◆ Material for the task ◆
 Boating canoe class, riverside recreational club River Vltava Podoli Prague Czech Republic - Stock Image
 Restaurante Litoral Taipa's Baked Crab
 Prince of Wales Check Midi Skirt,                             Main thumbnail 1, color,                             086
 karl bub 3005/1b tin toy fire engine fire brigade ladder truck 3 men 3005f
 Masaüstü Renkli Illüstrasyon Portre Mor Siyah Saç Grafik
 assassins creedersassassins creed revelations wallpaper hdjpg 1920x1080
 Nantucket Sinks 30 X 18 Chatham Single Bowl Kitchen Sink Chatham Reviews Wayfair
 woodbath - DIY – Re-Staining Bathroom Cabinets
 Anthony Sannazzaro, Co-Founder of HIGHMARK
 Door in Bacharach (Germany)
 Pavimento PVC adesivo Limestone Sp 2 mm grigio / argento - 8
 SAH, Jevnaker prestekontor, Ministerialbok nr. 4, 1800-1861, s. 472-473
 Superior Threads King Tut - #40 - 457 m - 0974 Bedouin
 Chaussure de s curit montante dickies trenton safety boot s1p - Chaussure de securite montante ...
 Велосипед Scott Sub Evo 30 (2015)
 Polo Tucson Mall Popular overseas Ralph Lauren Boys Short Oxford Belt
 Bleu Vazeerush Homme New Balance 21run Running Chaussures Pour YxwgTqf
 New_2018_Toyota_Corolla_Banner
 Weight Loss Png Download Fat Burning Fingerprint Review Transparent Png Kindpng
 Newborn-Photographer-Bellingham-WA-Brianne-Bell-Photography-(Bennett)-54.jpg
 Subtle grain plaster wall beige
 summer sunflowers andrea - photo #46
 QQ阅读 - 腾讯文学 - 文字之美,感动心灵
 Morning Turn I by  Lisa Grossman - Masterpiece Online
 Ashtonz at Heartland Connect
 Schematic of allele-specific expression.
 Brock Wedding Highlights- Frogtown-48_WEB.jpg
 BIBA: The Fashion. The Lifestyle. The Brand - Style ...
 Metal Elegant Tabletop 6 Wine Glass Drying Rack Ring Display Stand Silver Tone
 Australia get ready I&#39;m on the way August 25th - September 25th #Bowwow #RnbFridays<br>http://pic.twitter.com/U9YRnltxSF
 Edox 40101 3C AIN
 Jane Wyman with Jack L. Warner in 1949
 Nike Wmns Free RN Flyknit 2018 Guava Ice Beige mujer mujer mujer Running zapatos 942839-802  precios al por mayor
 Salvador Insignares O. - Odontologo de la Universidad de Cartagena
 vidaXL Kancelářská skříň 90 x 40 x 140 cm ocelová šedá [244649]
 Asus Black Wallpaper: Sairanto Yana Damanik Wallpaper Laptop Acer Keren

◆ Work request ◆
Each line of the data that includes "Running" should be copied.

◆ Task solution ◆
 Bleu Vazeerush Homme New Balance 21run Running Chaussures Pour YxwgTqf
 Nike Wmns Free RN Flyknit 2018 Guava Ice Beige mujer mujer mujer Running zapatos 942839-802  precios al por mayor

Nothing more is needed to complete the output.